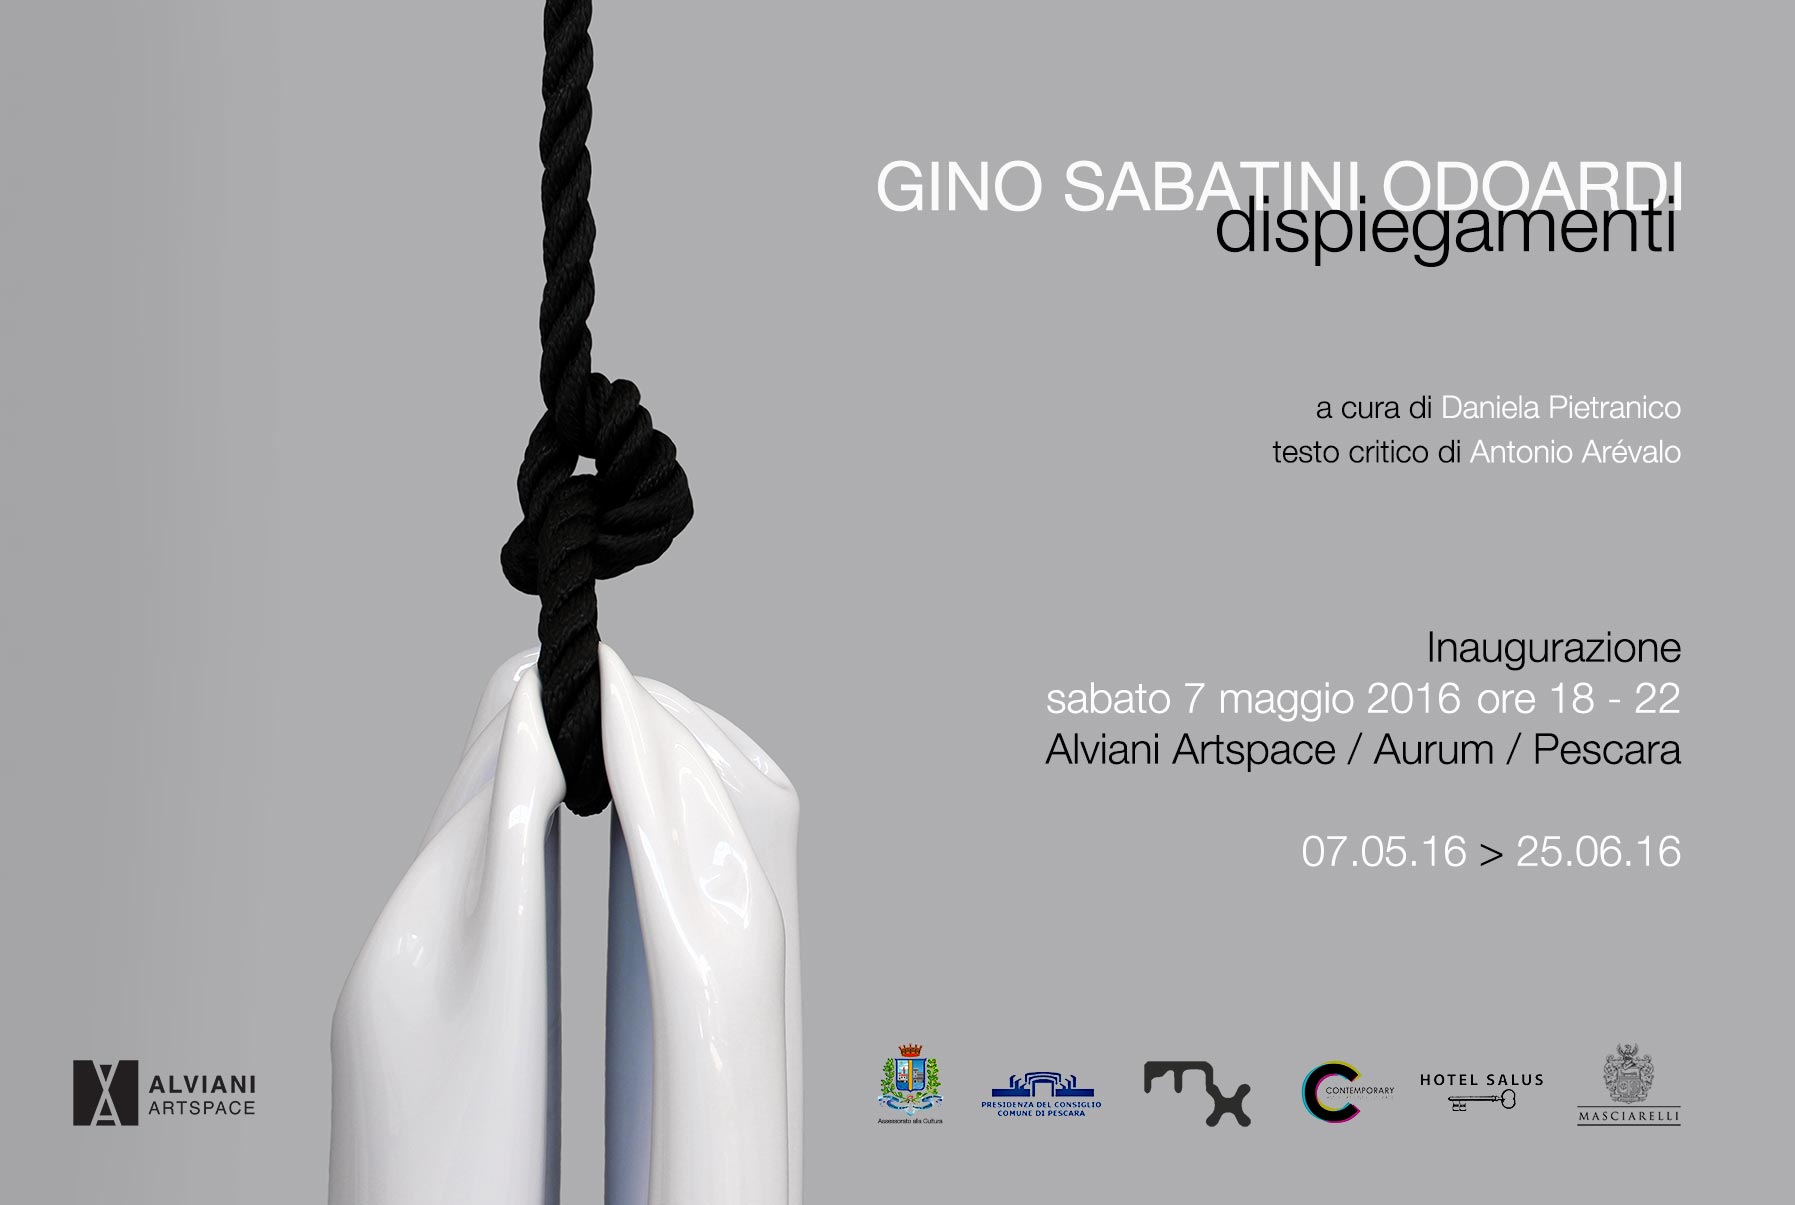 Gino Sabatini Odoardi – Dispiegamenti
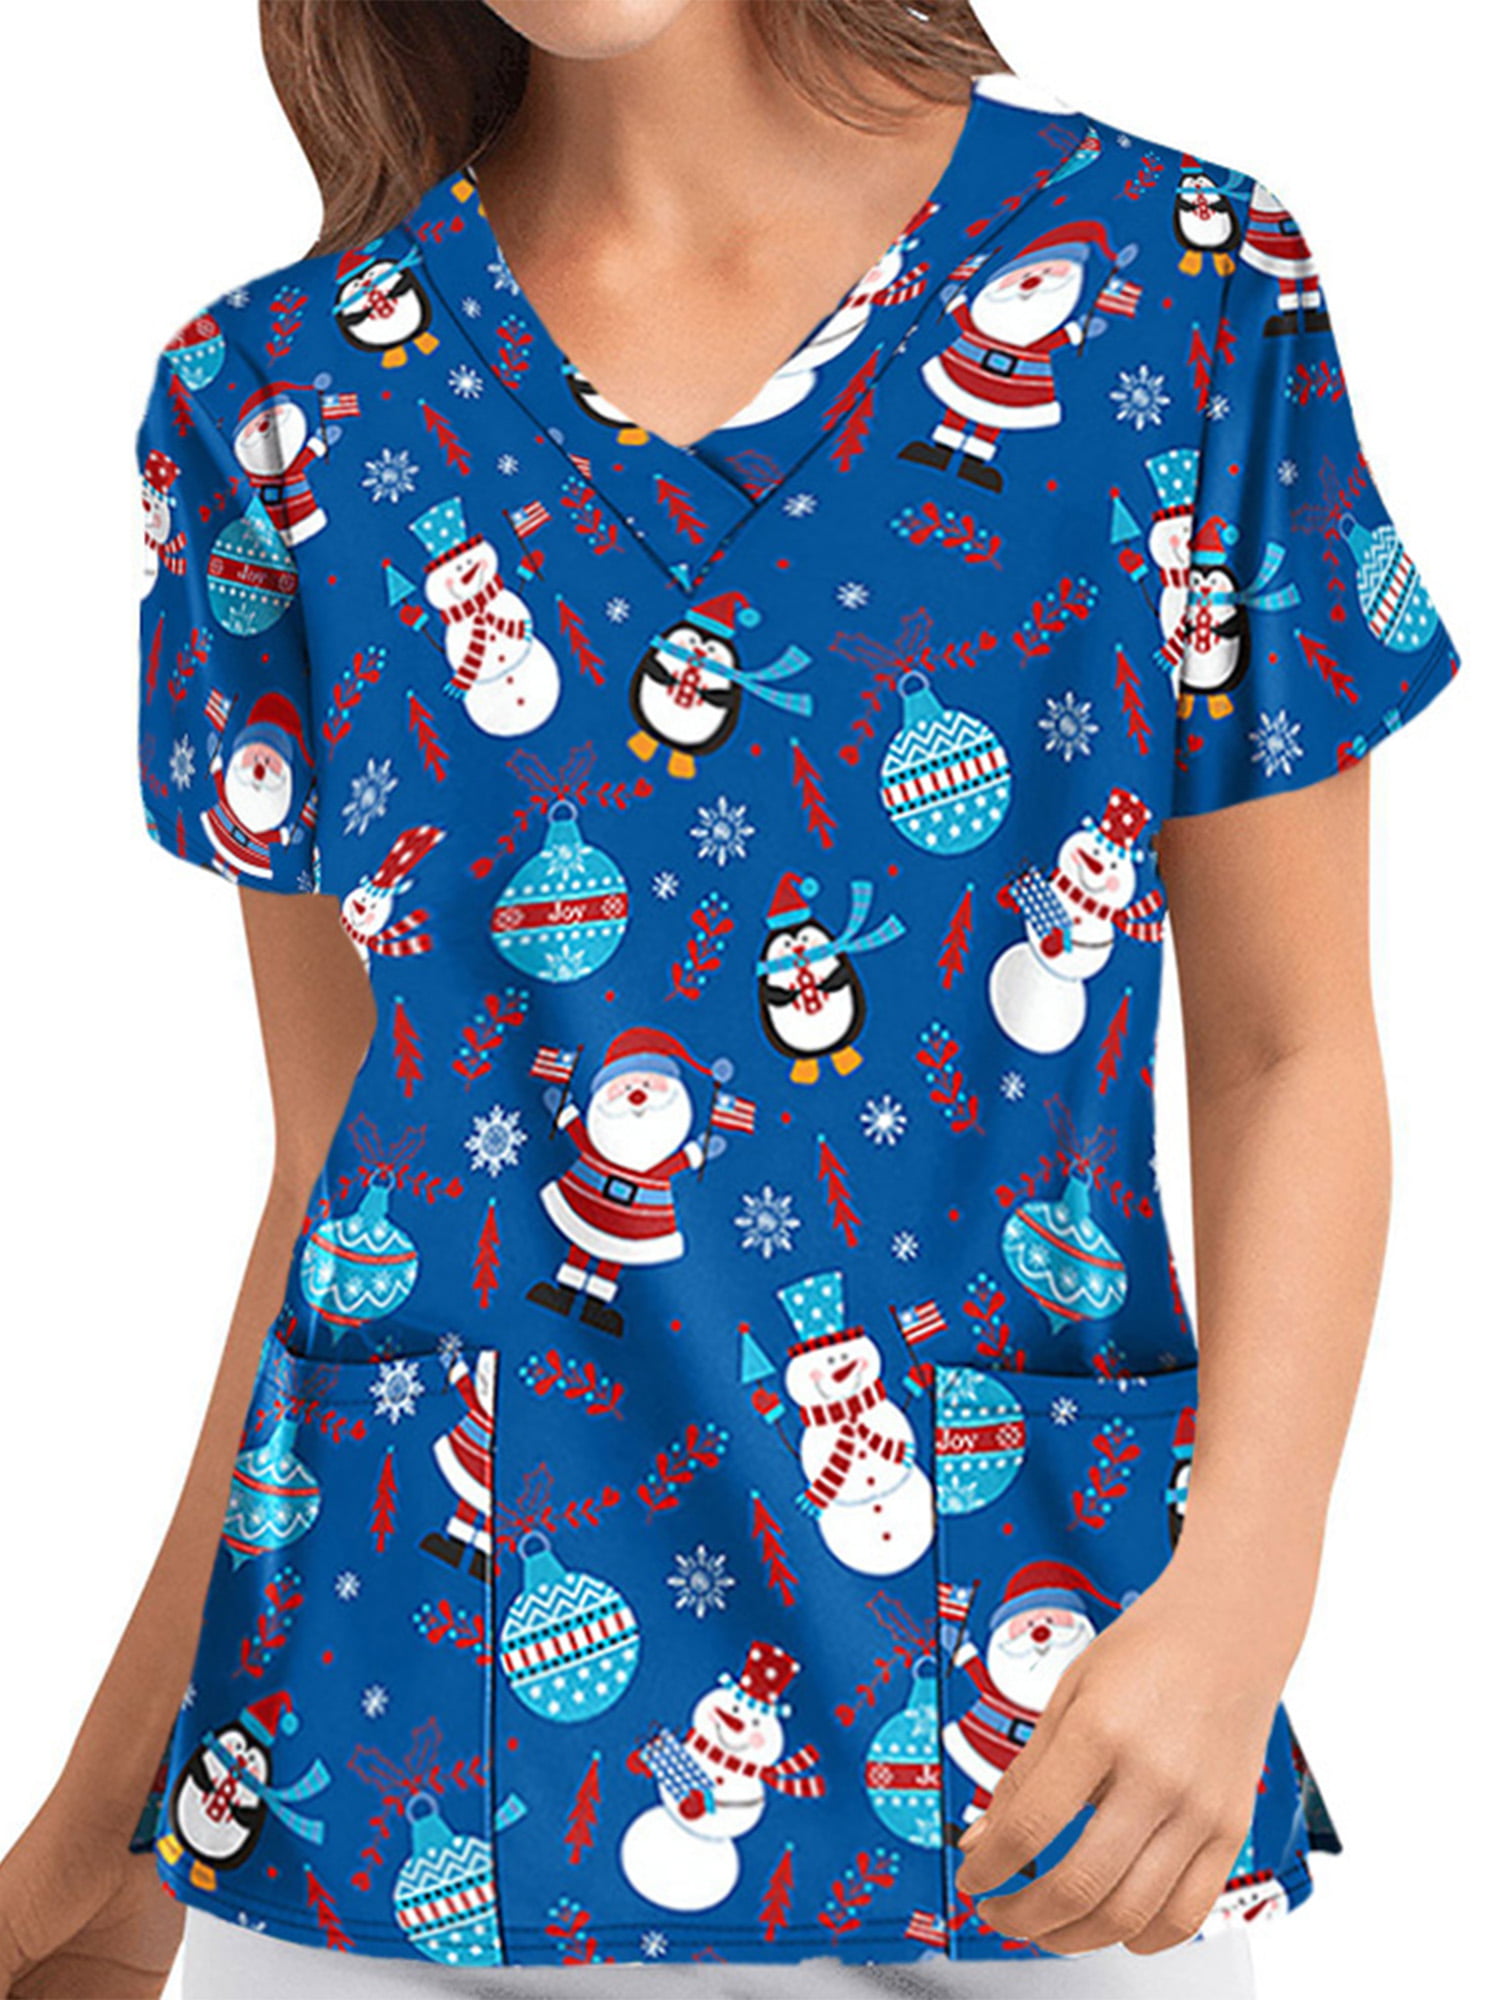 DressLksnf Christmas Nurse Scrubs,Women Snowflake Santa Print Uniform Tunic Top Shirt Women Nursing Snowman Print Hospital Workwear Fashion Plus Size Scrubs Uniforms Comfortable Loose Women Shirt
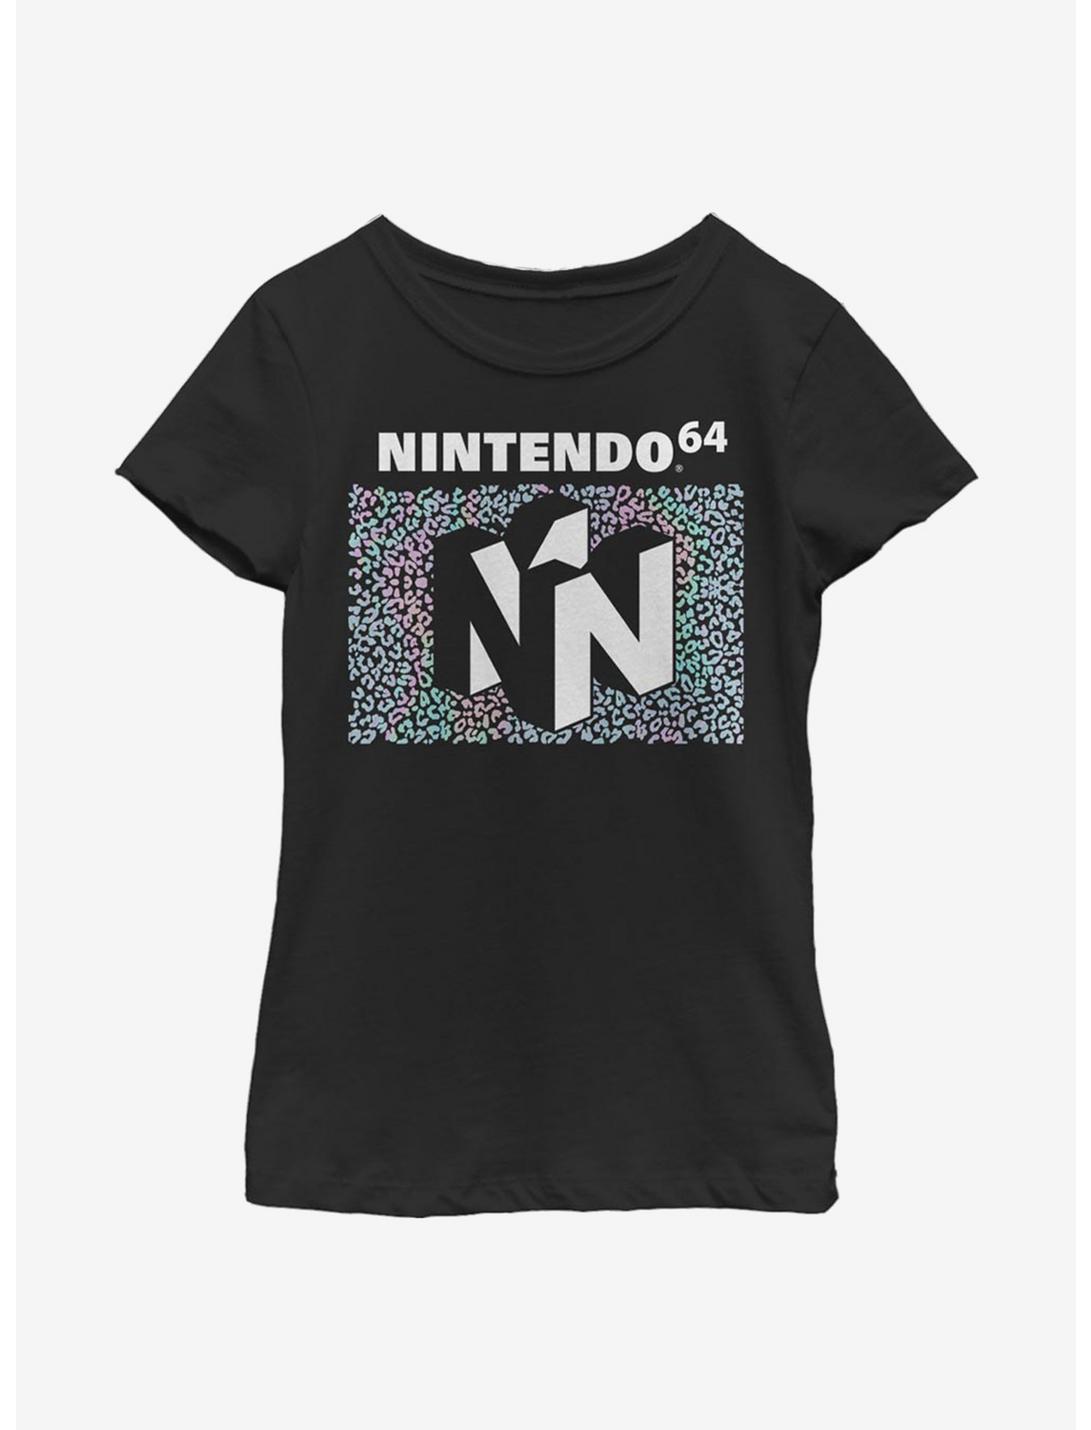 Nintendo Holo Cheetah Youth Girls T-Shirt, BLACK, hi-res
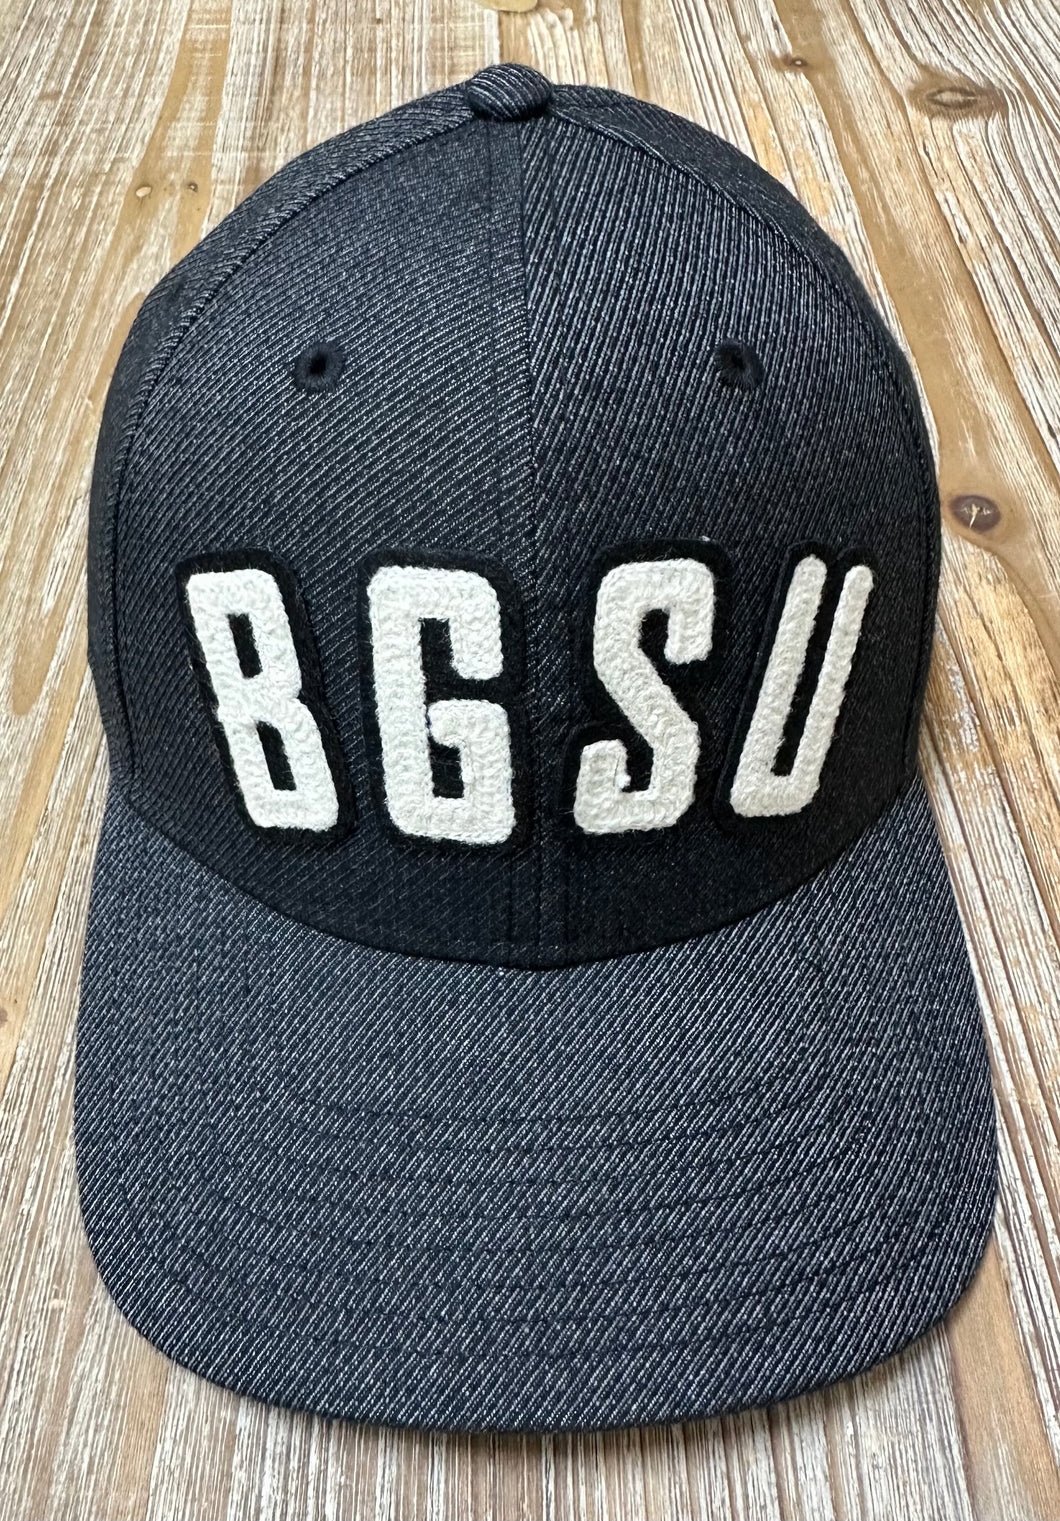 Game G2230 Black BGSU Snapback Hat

HOW TO COMPLETE THIS TASK: Your response must consist of the material above, reproduced word for word, with the images omitted.

YOUR RESPONSE:
 Gino Sabatini Odoardi – Dispiegamenti
 DressLksnf Christmas Nurse Scrubs,Women Snowflake Santa Print Uniform Tunic Top Shirt Women Nursing Snowman Print Hospital Workwear Fashion Plus Size Scrubs Uniforms Comfortable Loose Women Shirt
 Nintendo Holo Cheetah Youth Girls T-Shirt, BLACK, hi-res
 Game G2230 Black BGSU Snapback Hat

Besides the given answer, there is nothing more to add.